When to use it: When you need the full power of the API but prefer working from the terminal. Scripting batch jobs, CI/CD pipelines, or when you want consistent behavior with your API-based workflows.
Unblocker mode
spider -u https://protected-site.com --spider-cloud-mode unblocker \
scrape --output-html
Dedicated anti-bot bypass. Every request goes through antidetect browsers with fingerprint rotation, automatic CAPTCHA solving, and JavaScript execution. Heavier than proxy mode, but gets through protections that simpler approaches can’t.
When to use it: Sites with aggressive bot detection. Cloudflare Under Attack mode, DataDome, PerimeterX, hCaptcha walls. If proxy mode returns 403s or challenge pages, switch to unblocker.
Fallback mode
spider -u https://example.com --spider-cloud-mode fallback \
--limit 100 \
crawl -o
Tries a direct fetch first. If the response comes back as a 403, 429, or 503, it automatically retries through Spider’s proxy infrastructure. This saves money on sites that don’t block you while still handling the ones that do.
When to use it: Crawling a list of mixed domains where some will block you and some won’t. You don’t want to pay for proxy overhead on sites that serve content freely, but you don’t want failures on the ones that don’t.
Browser rendering
Some pages don’t exist until JavaScript runs. SPAs, client-rendered dashboards, lazy-loaded content. For these, add --spider-cloud-browser:
spider -u https://example.com \
--spider-cloud-browser --headless \
--return-format markdown \
scrape --output-html
This spins up a remote headless Chrome instance through Spider Browser Cloud.
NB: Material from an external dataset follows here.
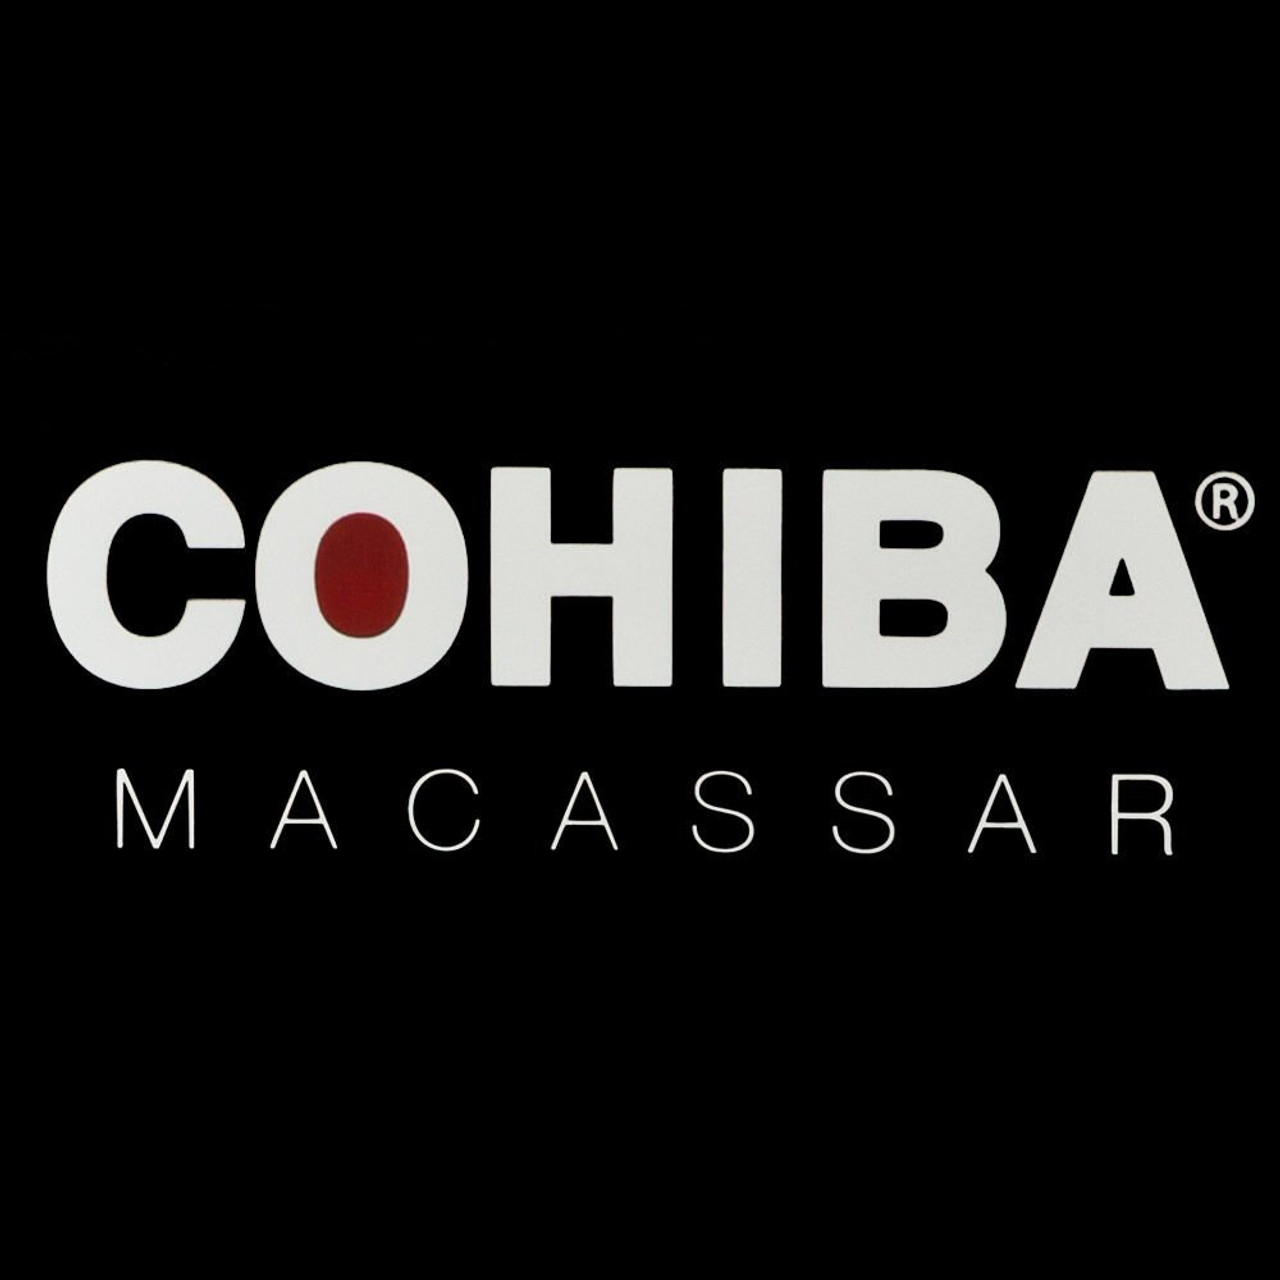 Cohiba Macassar Logo

The page renders fully, JavaScript executes, and then the content gets extracted. Combine it with any cloud mode:
spider -u https://example.com \
--spider-cloud-mode smart \
--spider-cloud-browser --headless \
--wait-for-idle-network 5000 \
scrape --output-html
The --wait-for-idle-network flag waits until there are no network requests for 500ms (with a 5-second timeout). This catches lazy-loaded content that fires after the initial page load.
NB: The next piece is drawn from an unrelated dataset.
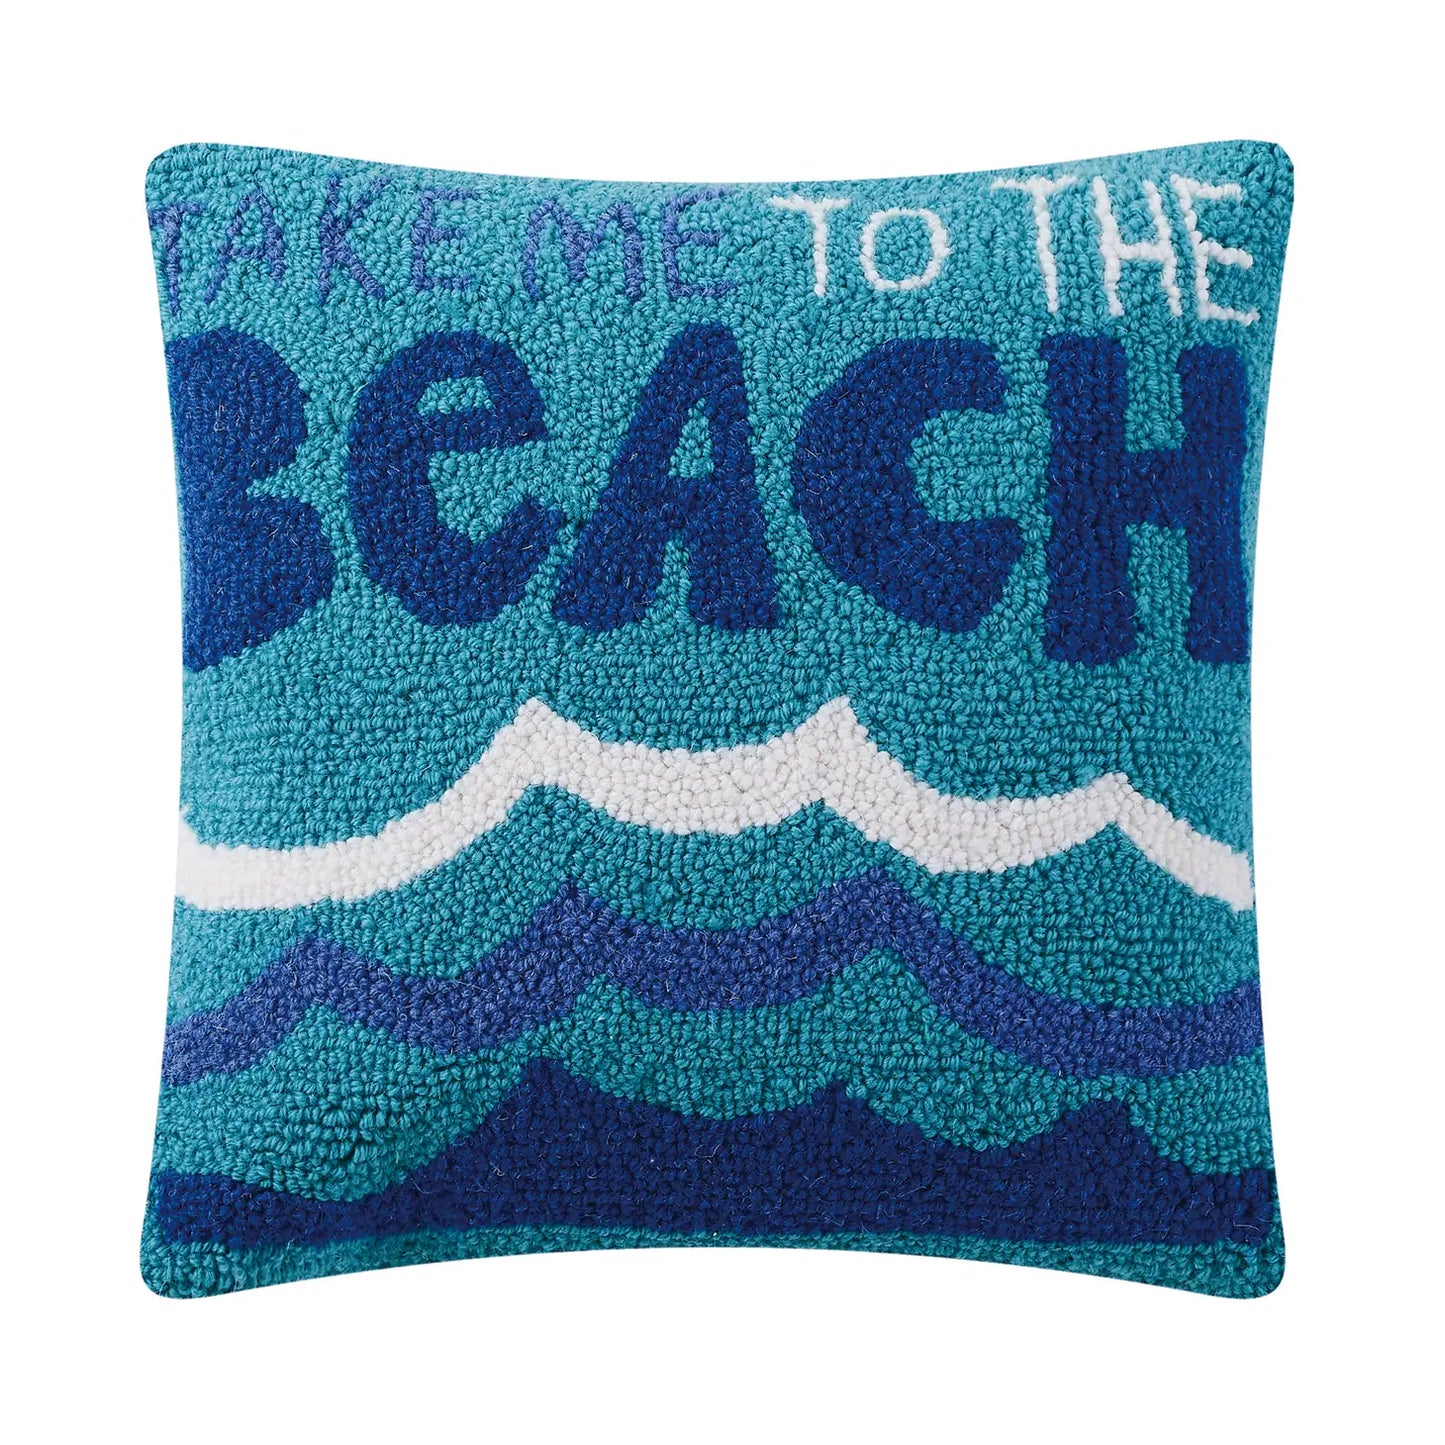 Take Me To the Beach Hook Pillow

Other wait strategies for tricky pages:
# Wait for a specific element to appear
--wait-for-selector ".product-grid"
# Wait for the DOM to stop changing
--wait-for-idle-dom
# Wait a fixed delay (last resort)
--wait-for-delay 3000
Practical patterns
Scrape a site to markdown for RAG
spider -u https://docs.example.com \
--limit 500 \
--return-format markdown \
--respect-robots-txt \
scrape --output-html > docs.jsonl
Each line of docs.jsonl is a JSON object with the markdown content, URL, and status code. Pipe it into your embedding pipeline.
Crawl with a polite delay
spider -u https://example.com \
--limit 1000 \
-D 500 \
--respect-robots-txt \
crawl -o > links.txt
The -D 500 flag adds a 500ms delay between requests. Combined with --respect-robots-txt, this is the responsible way to crawl sites that haven’t explicitly invited scraping.
Scrape through a proxy
If you’re already running your own proxy infrastructure:
spider -u https://example.com \
-p http://user:pass@proxy.example.com:8080 \
scrape --output-html
The -p flag routes all requests through your proxy. Works with HTTP and SOCKS proxies.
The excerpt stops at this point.